# The data:
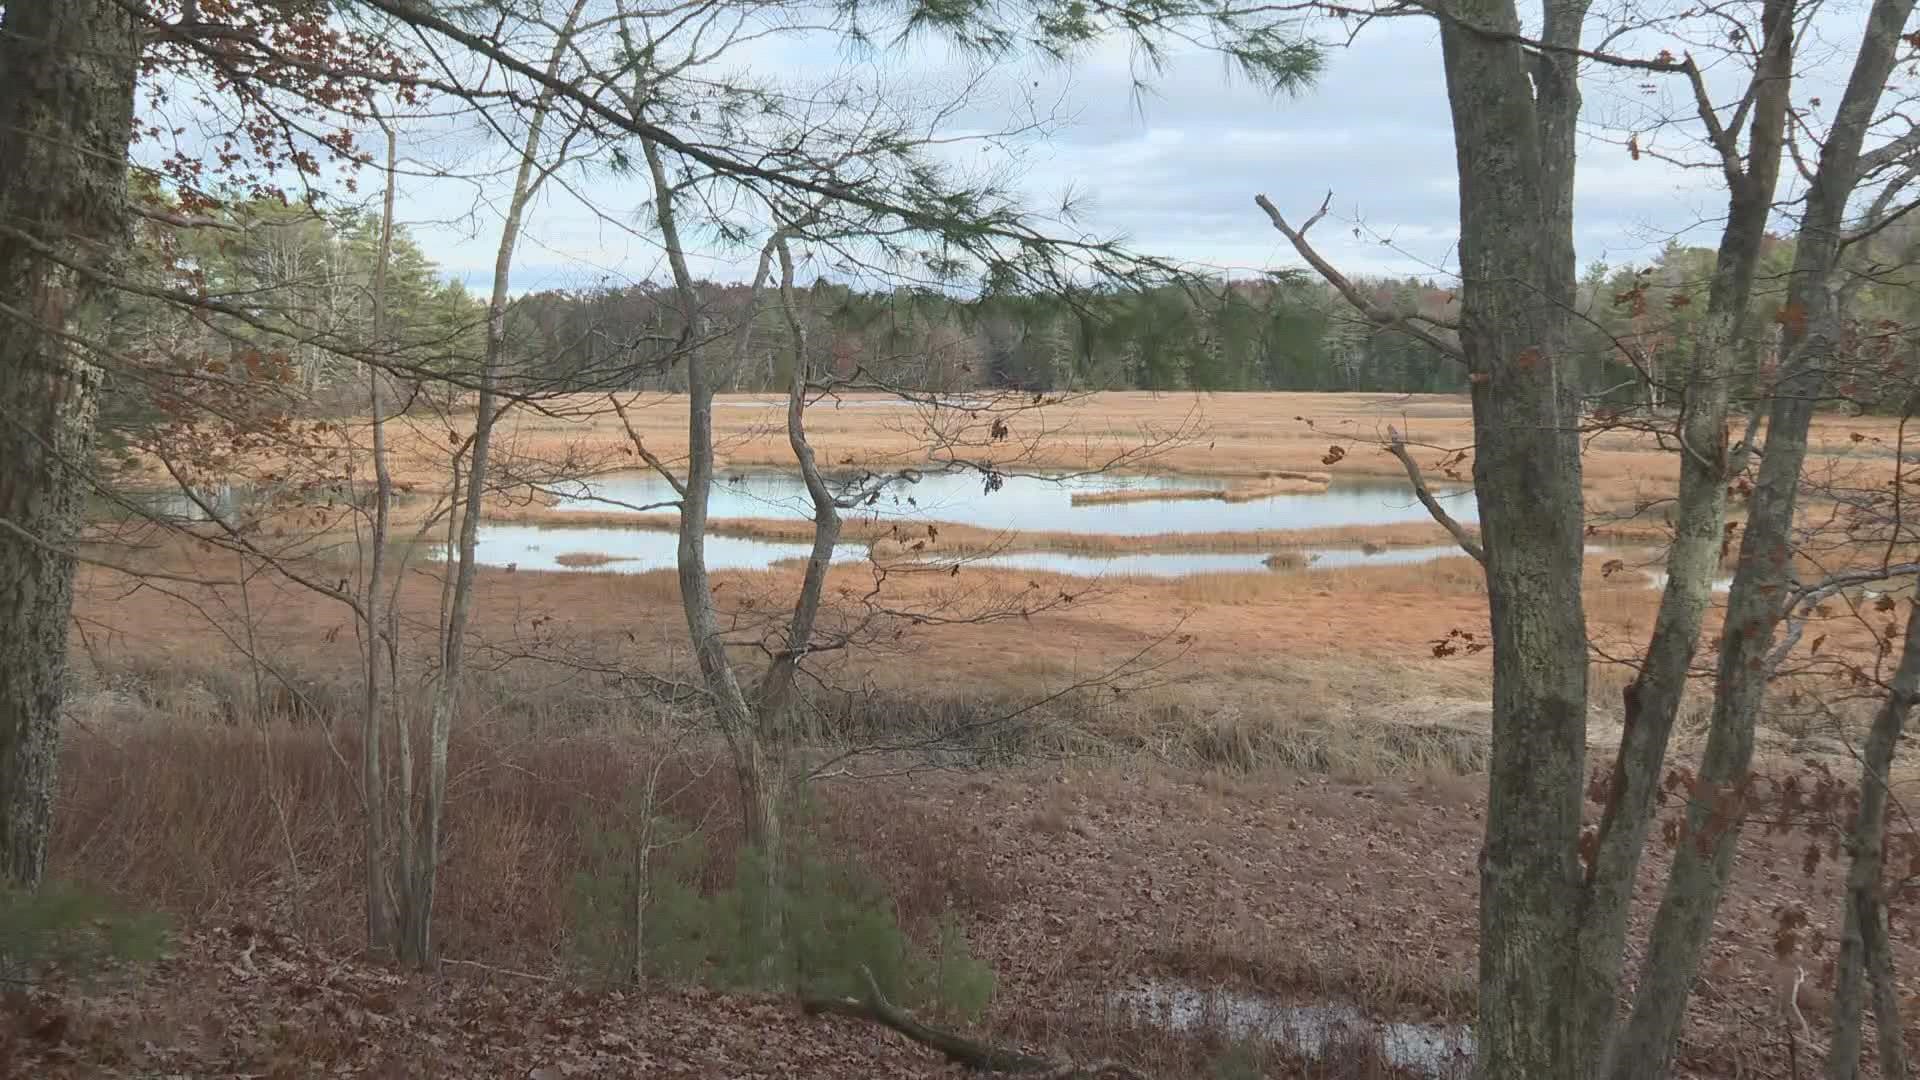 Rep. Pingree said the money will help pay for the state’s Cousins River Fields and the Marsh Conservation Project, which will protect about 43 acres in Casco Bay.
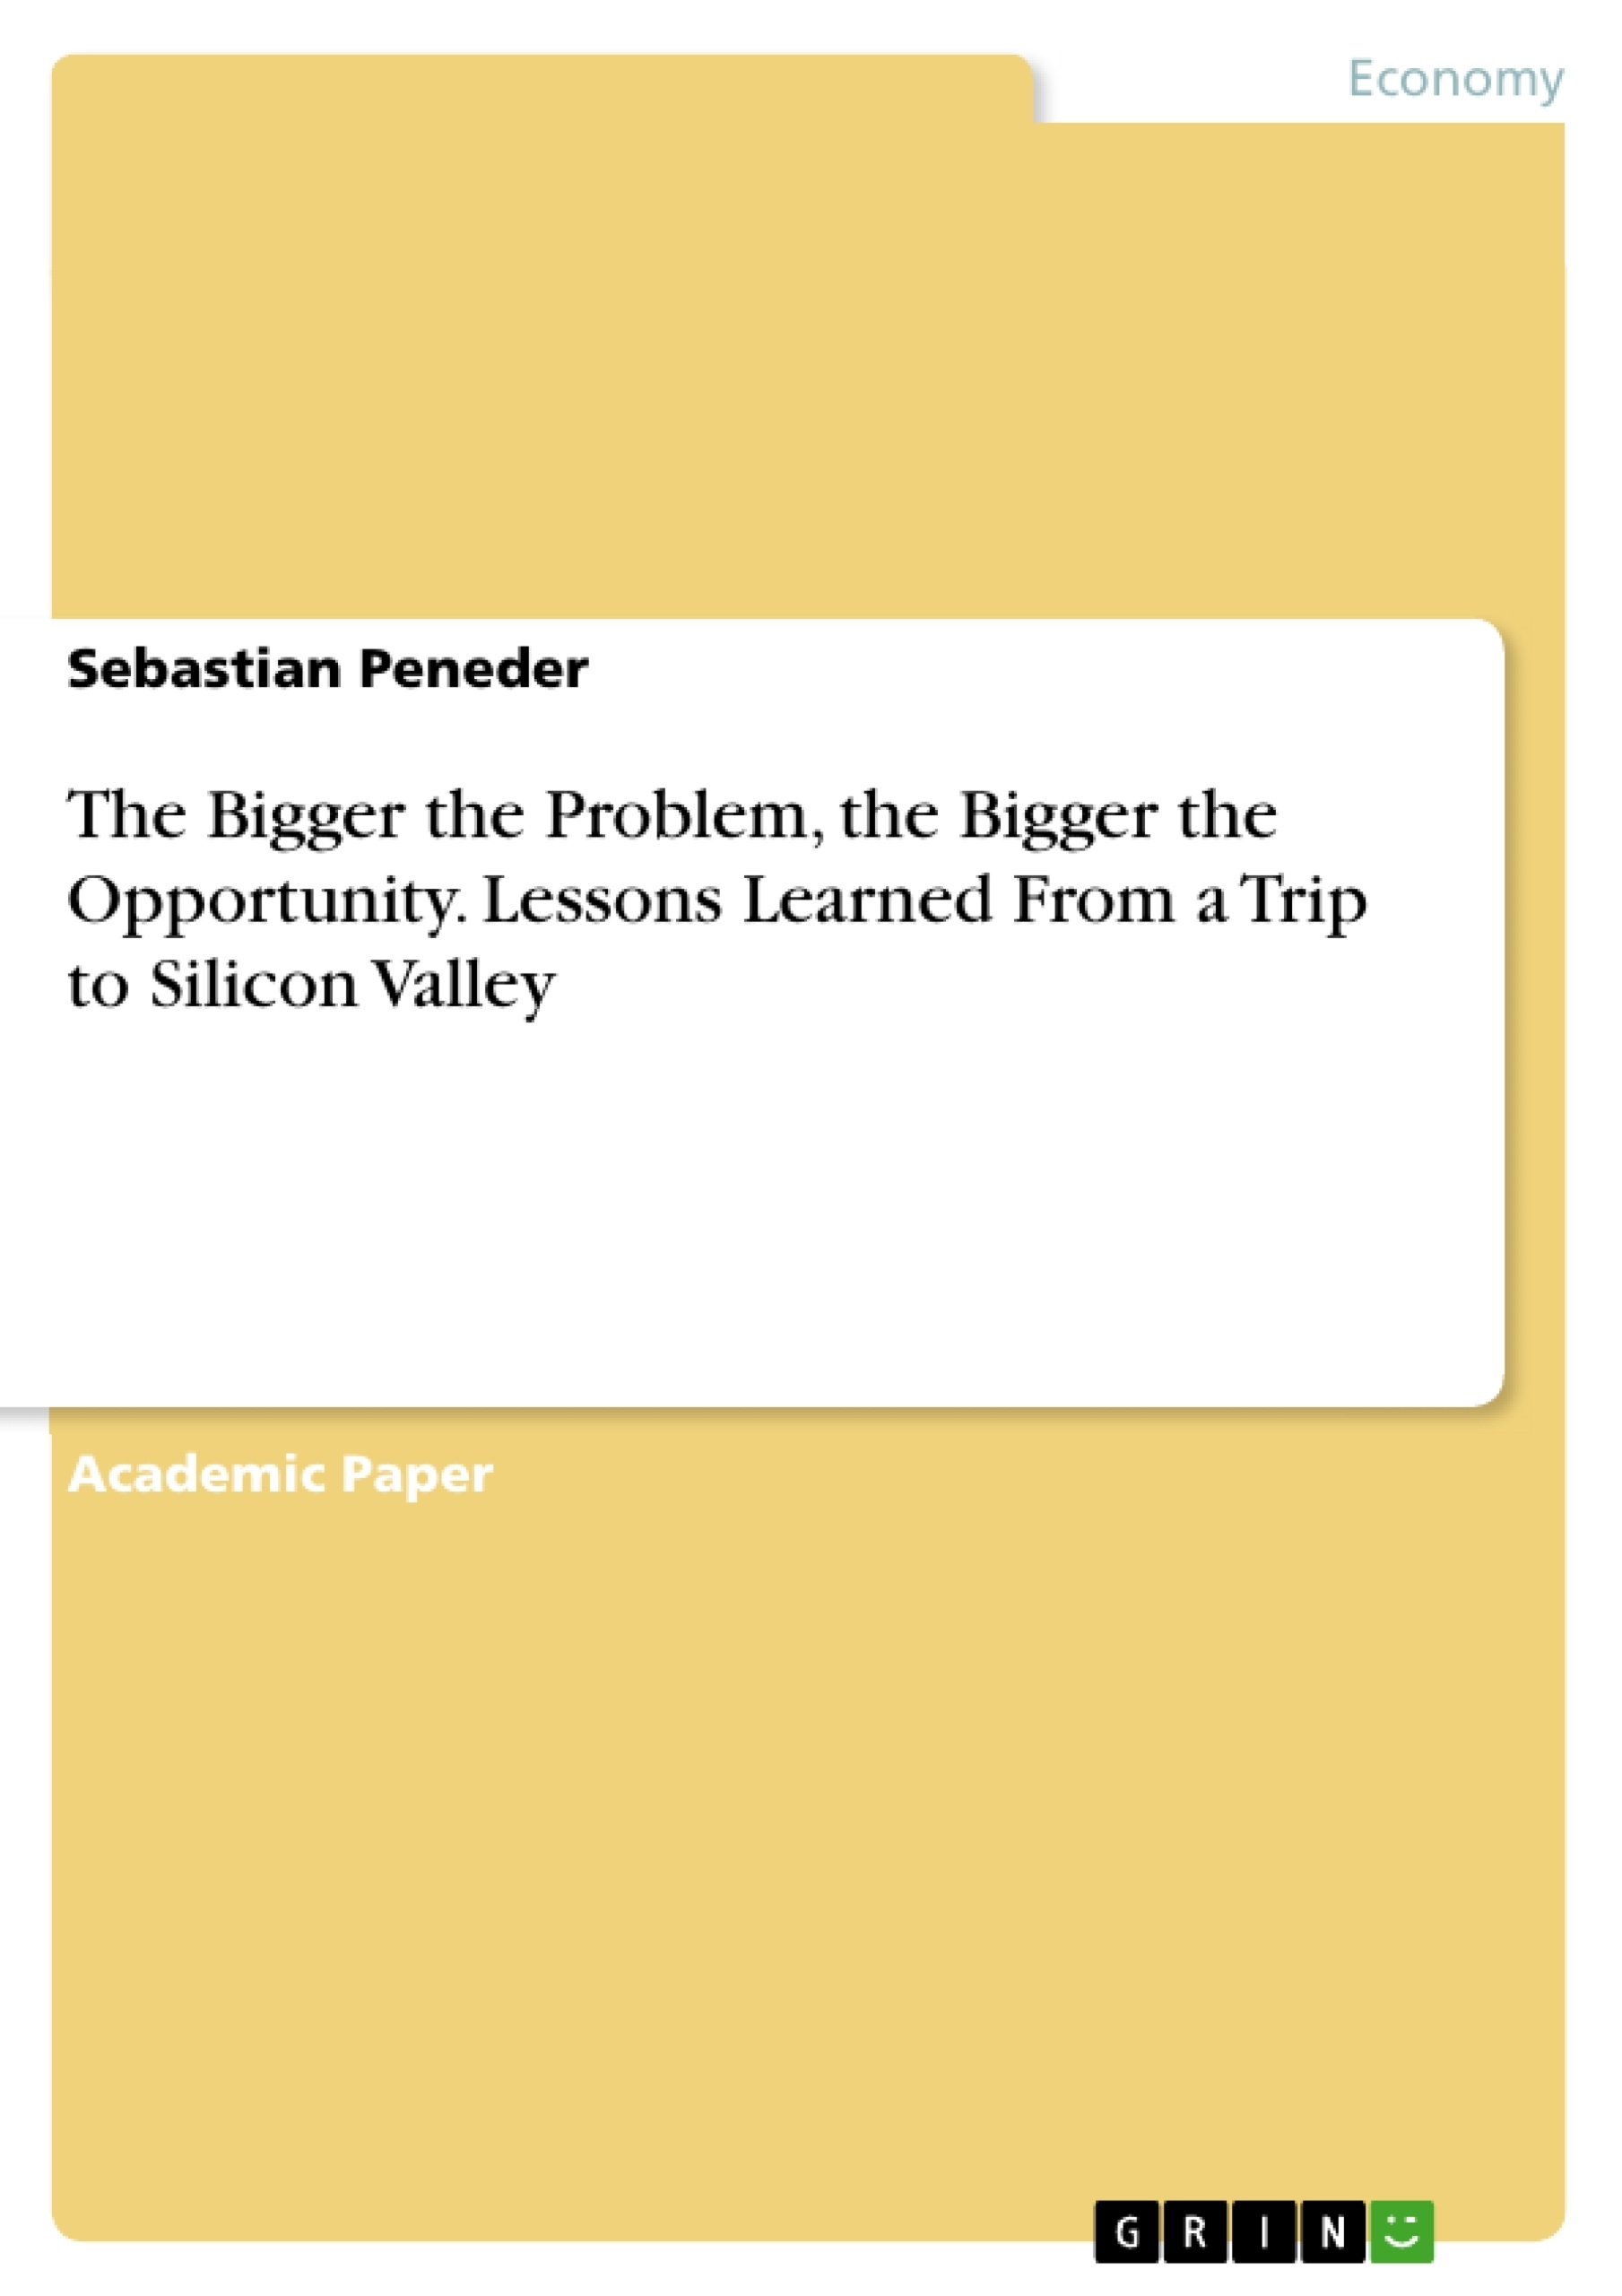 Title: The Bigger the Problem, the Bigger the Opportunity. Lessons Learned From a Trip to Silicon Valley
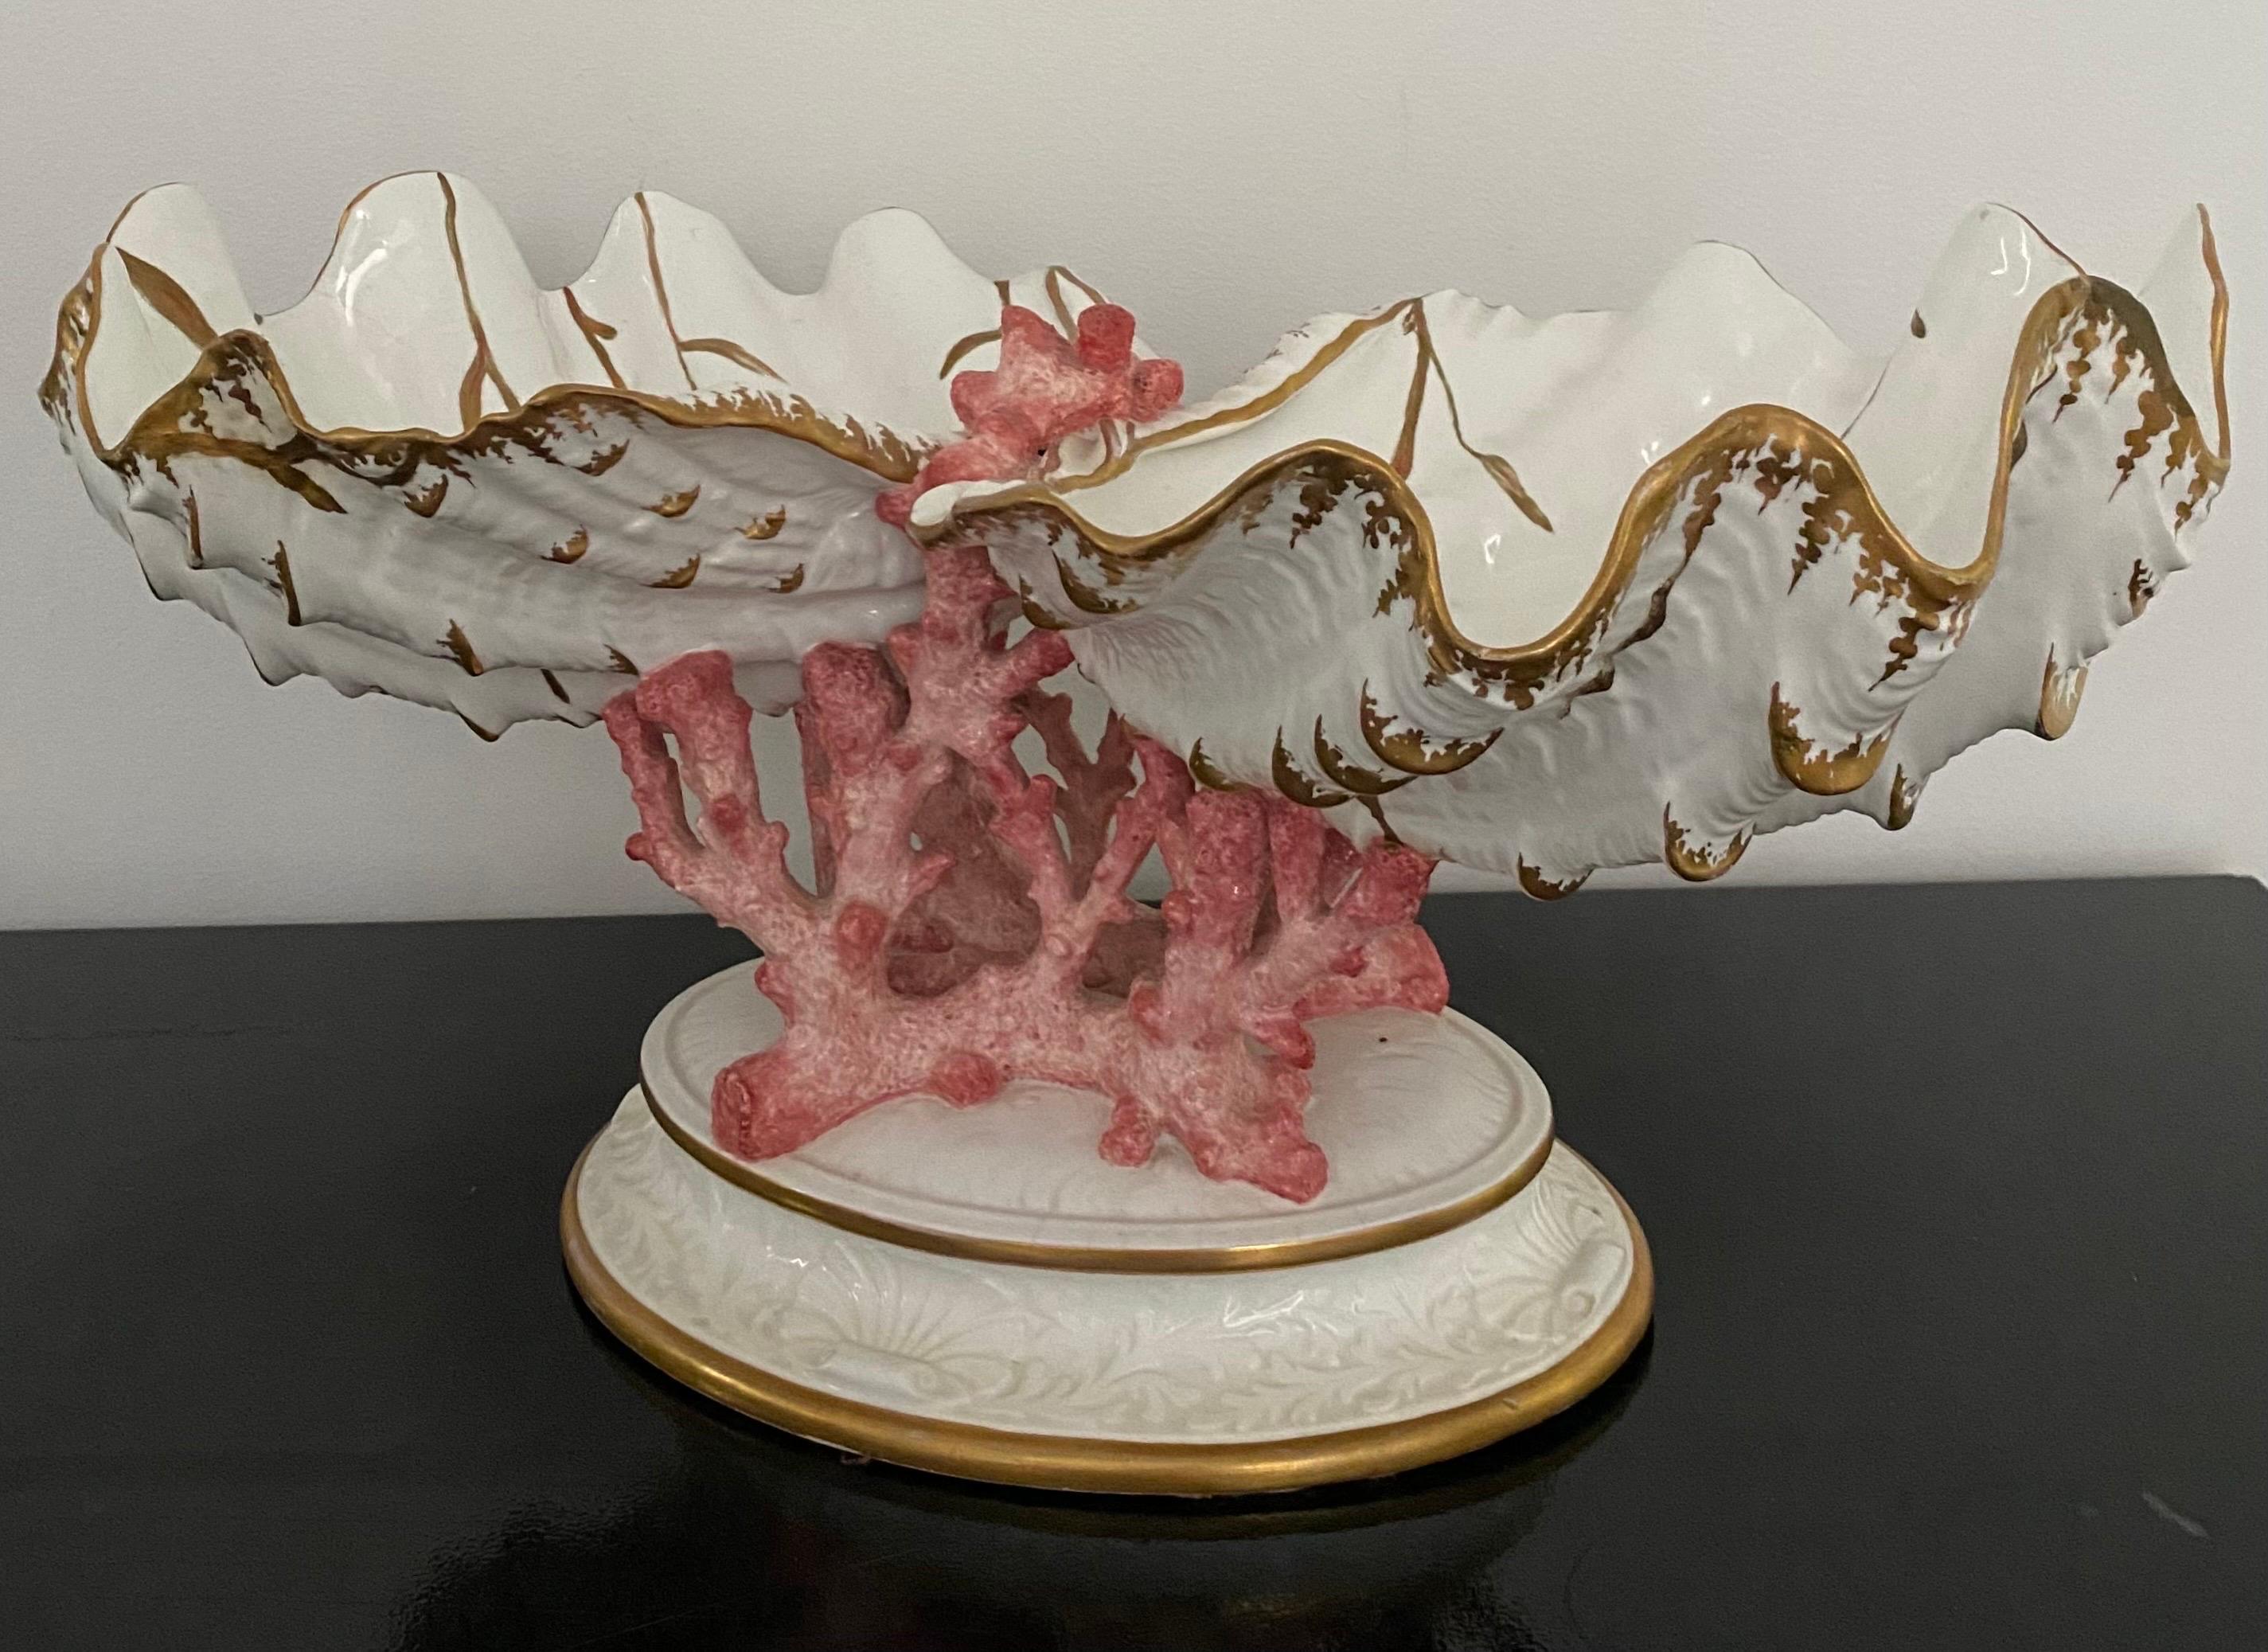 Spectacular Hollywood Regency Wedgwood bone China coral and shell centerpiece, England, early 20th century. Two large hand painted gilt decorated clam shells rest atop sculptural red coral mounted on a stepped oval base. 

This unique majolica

# Task brief:
Your reply should consist of the data, transcribed exactly, and should hold no pictures.

# Task response:
 Rep. Pingree said the money will help pay for the state’s Cousins River Fields and the Marsh Conservation Project, which will protect about 43 acres in Casco Bay.
 Title: The Bigger the Problem, the Bigger the Opportunity. Lessons Learned From a Trip to Silicon Valley
 Spectacular Hollywood Regency Wedgwood bone China coral and shell centerpiece, England, early 20th century. Two large hand painted gilt decorated clam shells rest atop sculptural red coral mounted on a stepped oval base. 

This unique majolica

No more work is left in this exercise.